Fine China: How the West can learn from the Eastern digital payments space

'East vs West'. Both a cultural and geographical term, it signifies the divide between, Asia, India and the Middle East (the 'East') and Europe, America, and Australasia (the 'West').

But the East vs. West split doesn’t just belong in the history books. In fact, we can even use this dichotomy to better understand the retail and card payments industry, and learn a thing or two from our Eastern counterparts.

Looking at contactless limit and mobile wallet usage data from around the world, we at Expert Market identified some key lessons that Western payment industries should take away from what the East is doing.

There’s a distinctly Western tendency to see our super-sized spending societies as the way forward, leading the world towards new, more convenient payment technologies. But how accurate are these assumptions? What do the actual trends tell us about the economic growth of the West compared to its opposite hemisphere? And what do we need to do to keep up?

Mobile wallets dominate in China

China’s economy is booming. With an annual real GDP growth rate of 6.9% in 2017, China boasts the 15th fastest growing economy on the planet. So what is it about the way that money changes hands that has stimulated the nation’s ongoing economic growth?

The first reason is mobile wallets.

The digitisation of the payment space has seen a meteoric shift towards payments using mobile wallets. And in no other country in the world has it caught on as much as China.

In 2017, mobile wallets made up 36% of all POS transactions in China, and this number is only going to rise. WeChat Pay and Alipay in particular have a duopoly on the Chinese market, boasting more than 1.5 billion users combined.

And if 36% doesn't seem like that much, think again. The percentage of payments made using mobile wallets is higher in China than anywhere else in the world; this percentage is greater than the next seven countries in the research combined, and is a staggering six times more than the second highest, India (6%).

Asia raising the bar for contactless

The second reason China’s payment industry is fuelling its economy’s rapid growth relates to its contactless card limit – the second highest in the world. Consumers can fly through stores, splashing out almost $150 at a time without so much as a blink.

This vast contactless limit and the popularity of mobile wallets are just two ways in which the Chinese government is driving the digitisation of the payments space. China has created an infrastructure that empowers its citizens to go cashless, and the result is a booming, fertile economy that’s growing year on year. And the trend extends to its Eastern neighbours, too.
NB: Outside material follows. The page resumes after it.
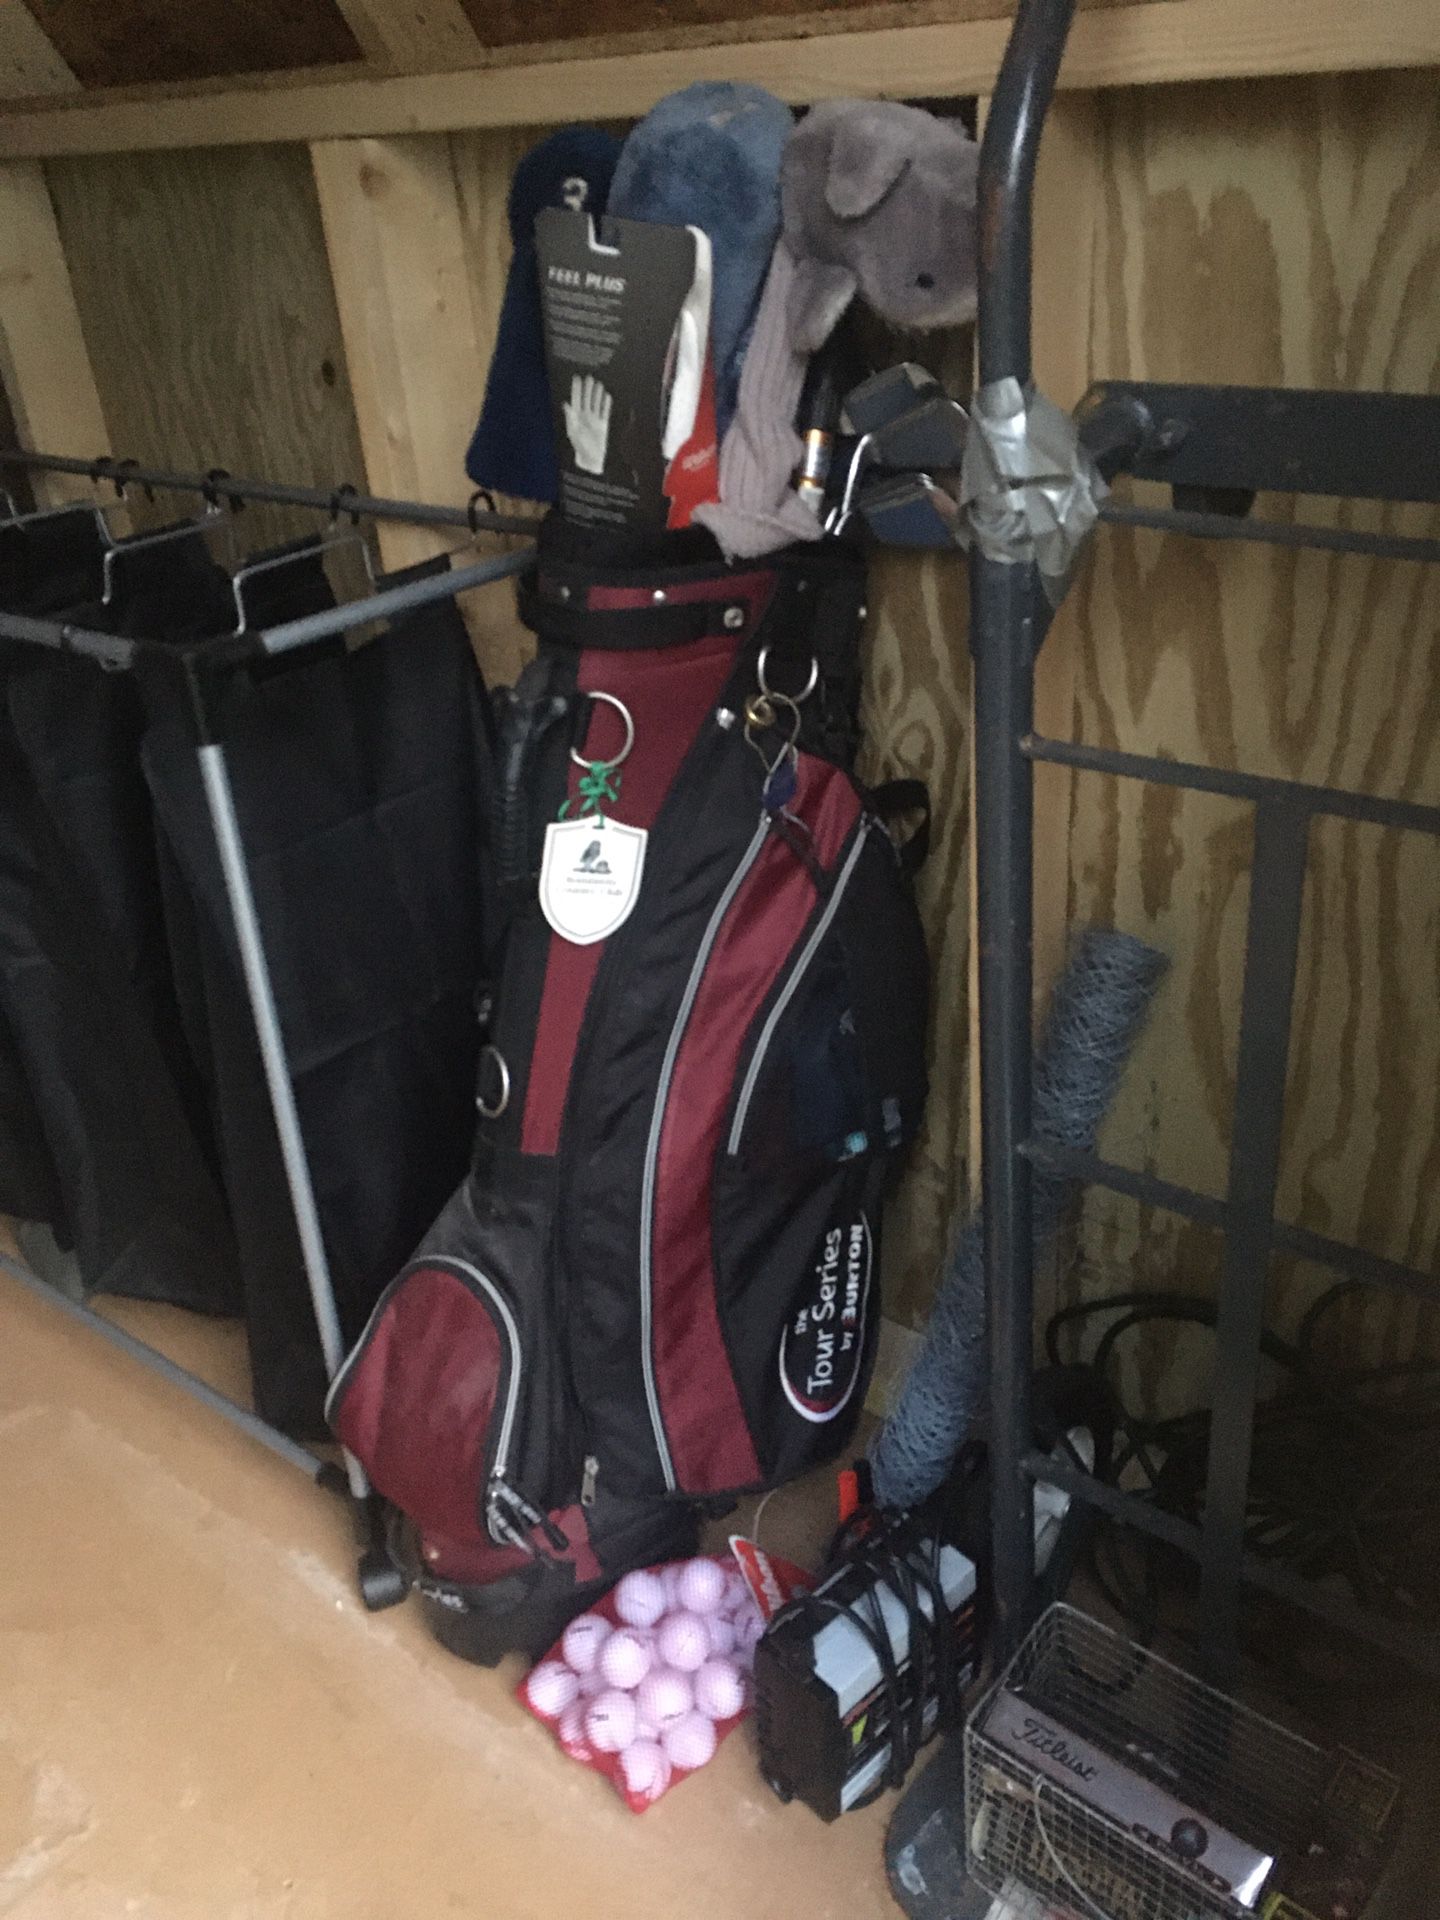 Golf Clubs, Bag And Excessories

Asia’s contactless limits are the biggest in the world. Japan, Singapore, Hong Kong, Malaysia, and Thailand dominate the standings, with contactless caps ranging from $45 to more than $175.

Asia has also been considerably more interested in using mobile wallets than the Western world has. Of the top 15 countries where mobile wallet payments are most widespread, seven are from the East (China, India, UAE, Indonesia, Hong Kong, Singapore, and Japan).

What else do these countries have in common? Well, they’re growing faster than the UK, the US, and much of Europe. India is third highest in the world for GDP growth and Malaysia fifth, while 2017 saw Indonesia grow an impressive 5.2%.

What it all means

Asia’s trends demonstrate what a willingness to embrace digital payments – by retailers, governments, and above all, consumers – can do for economic growth.

The US and Europe, by contrast, sport miserly contactless limits, and have likewise seen more limited economic growth. Mobile wallets haven’t caught on, either; rates of adoption are low across Europe, and they account for only 3% of all payments in the US, and 1% in Canada.

If Western countries harbour dreams of keeping pace with China and boosting their own economic growth, they need to think bigger.

From an international perspective, China represents more than a fifth of the world’s population. We need to recognise the colossal opportunity inbound Chinese tourism presents – and adopting the technology to accept the favoured payment method of more than a billion Chinese people is a good start.

Meanwhile, domestically, small businesses in Western countries need to work out quickly how they can start accepting payments in a sphere that will only become more digital. Even in the UK, three million small business still don’t take card.

The same governmental push taking place in the East isn’t happening in the West. The responsibility of catalysing change and preparing for a cashless society lies in the hands of business owners. And it’s not a responsibility they should take lightly - because SMEs without the ability to accept mobile wallet and contactless payments aren’t long for this world.

Thankfully for those in the business space, though, there’s a range of card machines for small business options out there that are cheap and easy to use. Customers now expect to pay with card, and our businesses have to follow suit. How? By offering them more dynamic ways of paying, in a world on its way to ditching cash entirely.

It’s time to start thinking differently in the West, and learn a lesson from the best.